0. Introduction

Suddenly, time series data is difficult to handle, isn't it? Moreover, I think that the more variables you have, the more likely you are to break your heart. However, "If you extract the features from the time series data, you can do anything else!" I think there are many people.

This time, we will introduce ** tsfresh **, a library that seems to be useful for feature engineering of multidimensional time series data.

I referred to the following article. -Library tsfresh that automatically extracts features from time series data -Easy statistical processing of time series data with tsfresh

1. Install tsfresh

I installed it via pip. You couldn't install from pip without a new pip, so please upgrade pip.

pip install --upgrade pip

Upgrade pip with

pip install tsfresh

Install tsfresh with.

At this time, if you get a warning that pandas does not support it, please change the version of pandas.

pip install pandas==0.21

Please change like.

Here is the version I'm using.

pip: 20.0.2
pandas: 0.21.0
tsfresh: 0.14.1

2. Prepare pseudo time series data

Finding multidimensional time series data was a hassle, so this time we'll use a pseudo-transformed dataset that can be downloaded from tsfresh. (If you already have your own data, please skip it.)

First of all, I can grasp the procedure with this pseudo data, but the result that comes out is not interesting at all, so if you have your own data, I recommend you to use it.

UEA & UCR Time Series Classification Repository There seems to be a lot of time series data that seems to be interesting ...

First, load the data.

`In[1]`



import pandas as pd
import numpy as np

from tsfresh.examples.har_dataset import download_har_dataset, load_har_dataset

download_har_dataset()
df = load_har_dataset()
print(df.shape)
df.head()

If you check with, you can see that this data has 7352 sample points and 128 variables (128 dimensions).

Next, cut out only 100 sample points and 50 variables.

`In[2]`


df = df.iloc[0:100, 0:50]
print(df.shape)
df.head()

This time, "There are five subjects, and 10 variables of time-series data are acquired from sensors attached to the body to classify whether the subjects are children or adults." Imagine a situation like this.
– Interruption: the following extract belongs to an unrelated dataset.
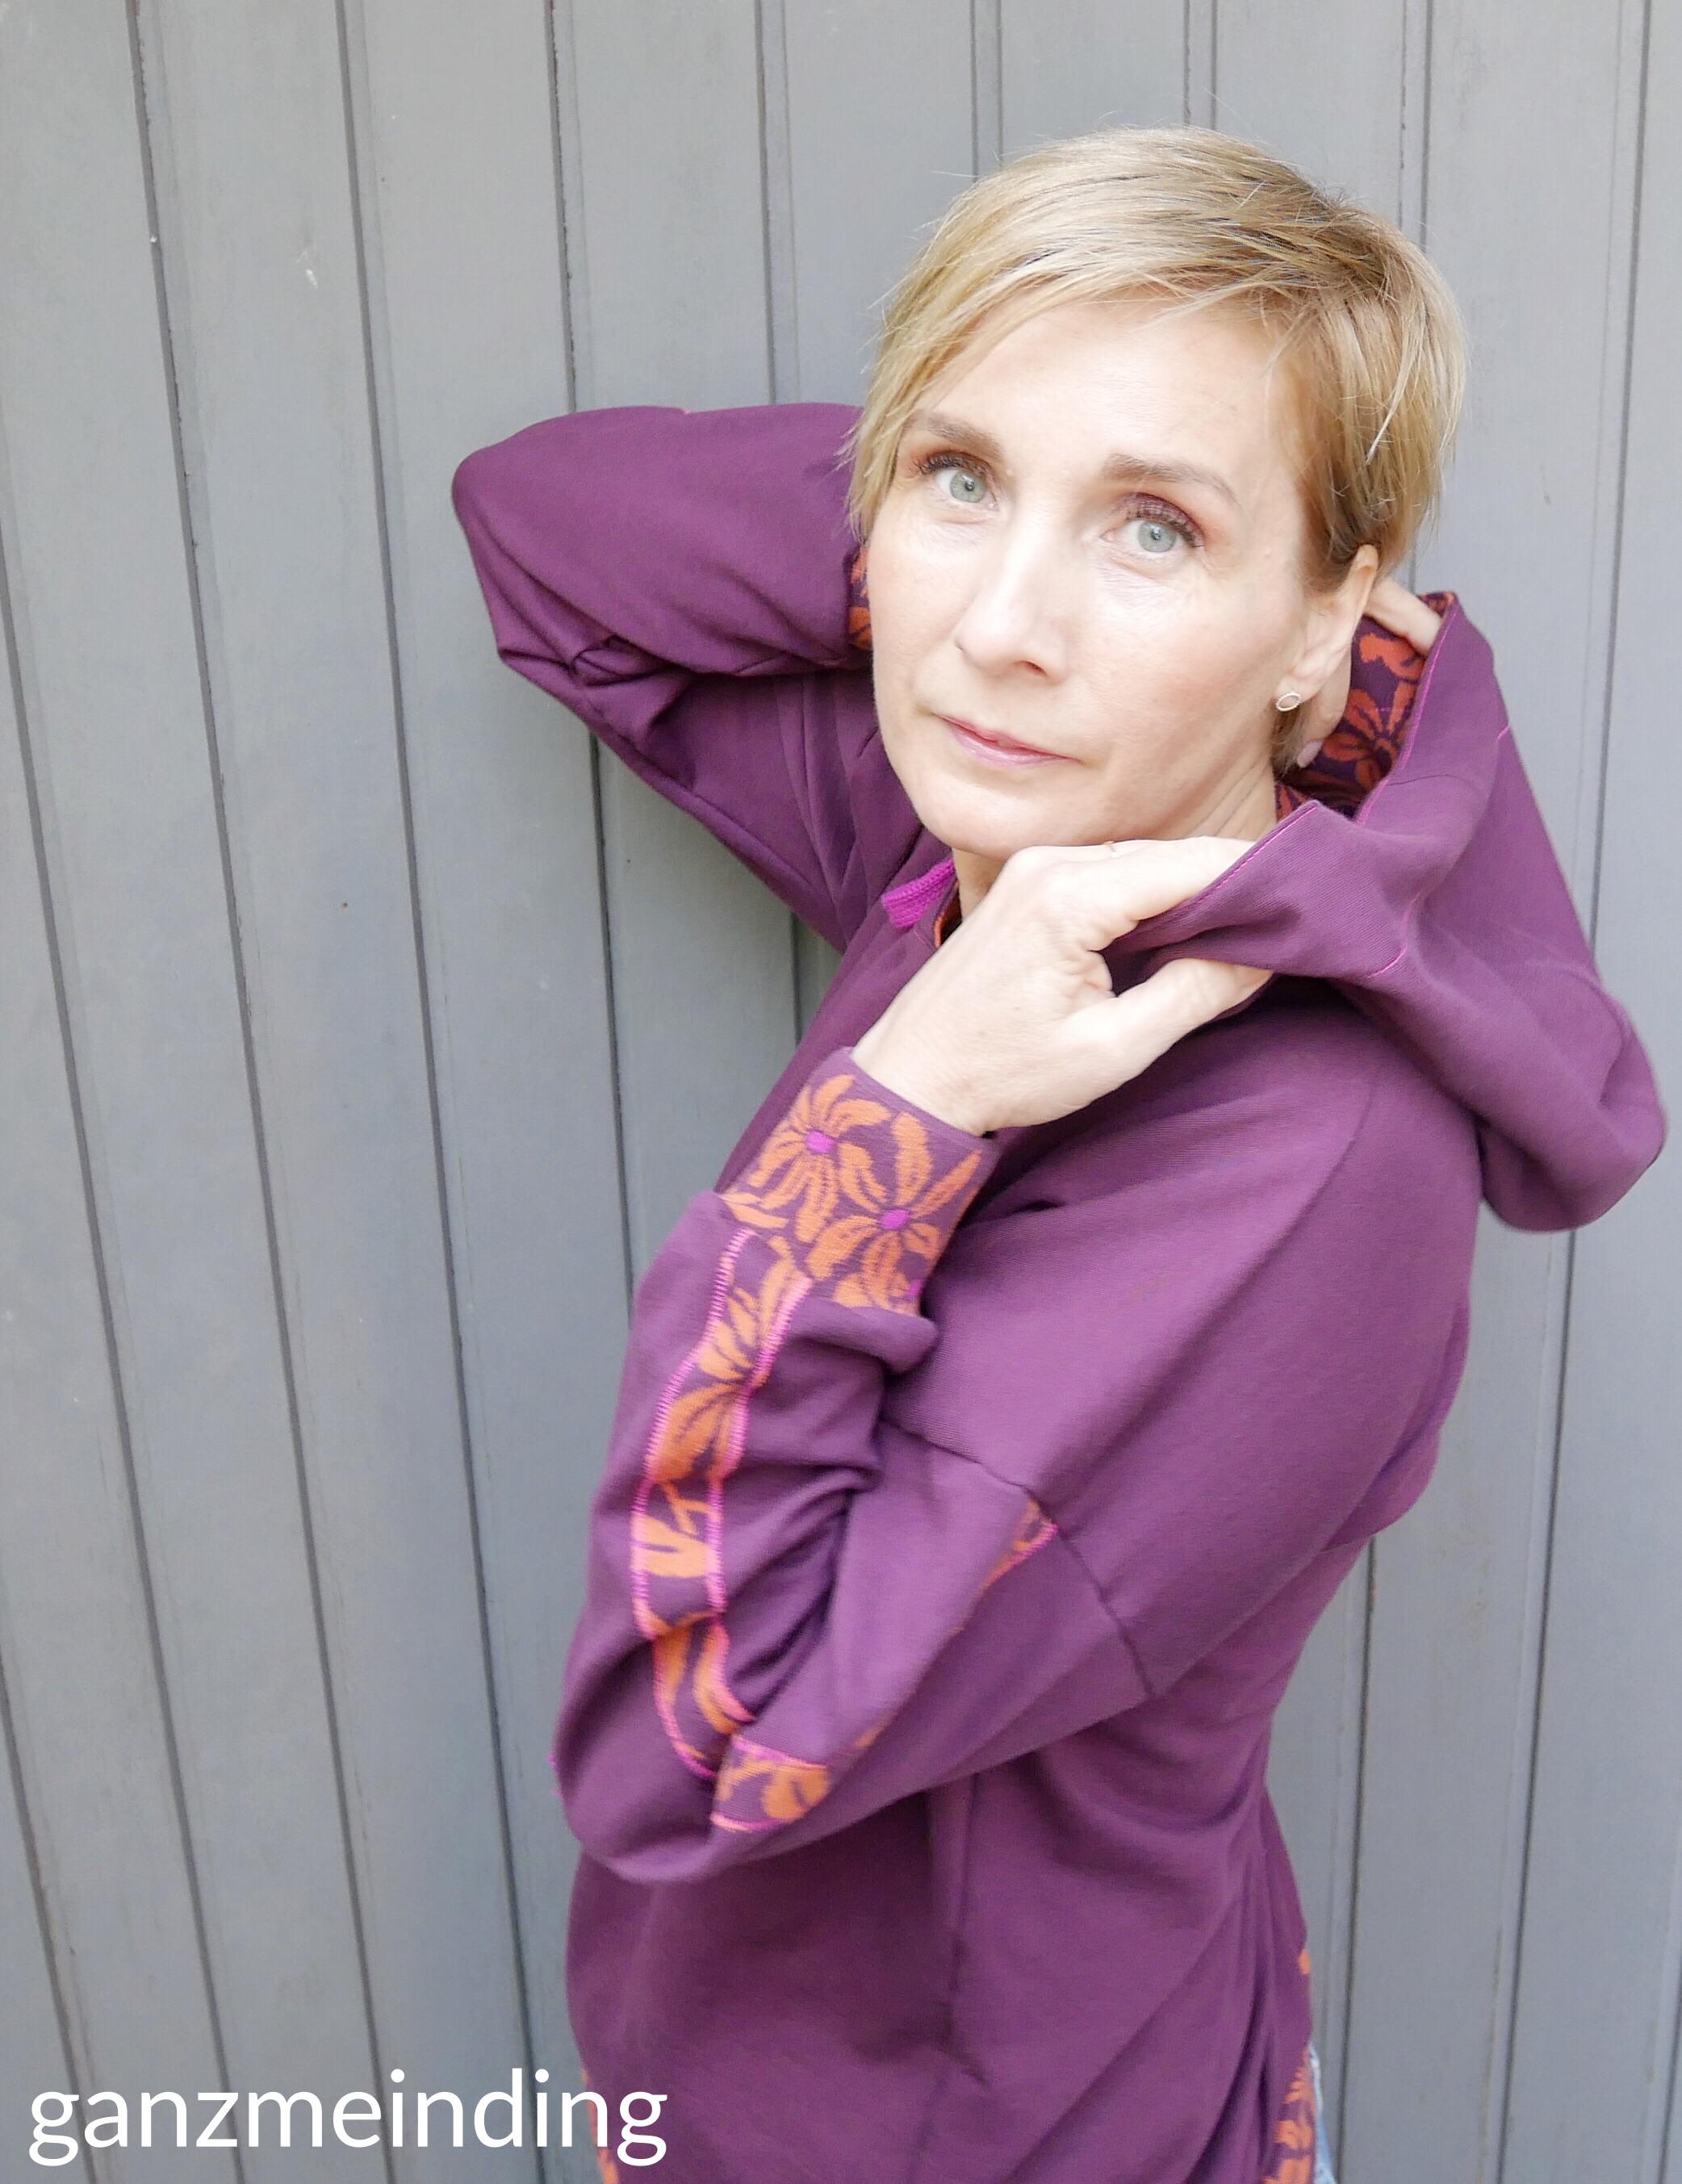 ganzmeinding: Flur Hello Heidi Fabrics, Hoodie 01 die Komplizin 04

The purpose of this time is to see through the flow of feature engineering. The correspondence of values is messed up. Of course, it cannot be classified by this data.

`In[3]`


# id:5 and 10 variables

#Each 10 variables are assigned to each individual (subject).
df_s1 = df.iloc[:,0:10].copy()
df_s2 = df.iloc[:,10:20].copy()
df_s3 = df.iloc[:,20:30].copy()
df_s4 = df.iloc[:,30:40].copy()
df_s5 = df.iloc[:,40:50].copy()

#Create a column whose value is each individual id.
df_s1['id'] = 'sub1'
df_s2['id'] = 'sub2'
df_s3['id'] = 'sub3'
df_s4['id'] = 'sub4'
df_s5['id'] = 'sub5'

#Rewrite the variable name of each column.
columns = ['x1', 'x2', 'x3', 'x4', 'x5', 'x6', 'x7', 'x8', 'x9', 'x10', 'id']
df_s1.columns = columns
df_s2.columns = columns
df_s3.columns = columns
df_s4.columns = columns
df_s5.columns = columns

df_s1.head()

There are 5 data frames like this.

Although it is a common mistake, if you do not use .copy () when dividing and extracting a data frame, the original value will be changed (passed by reference). I hope this article will be helpful. Differences in behavior when copying with = in pandas and when using copy ()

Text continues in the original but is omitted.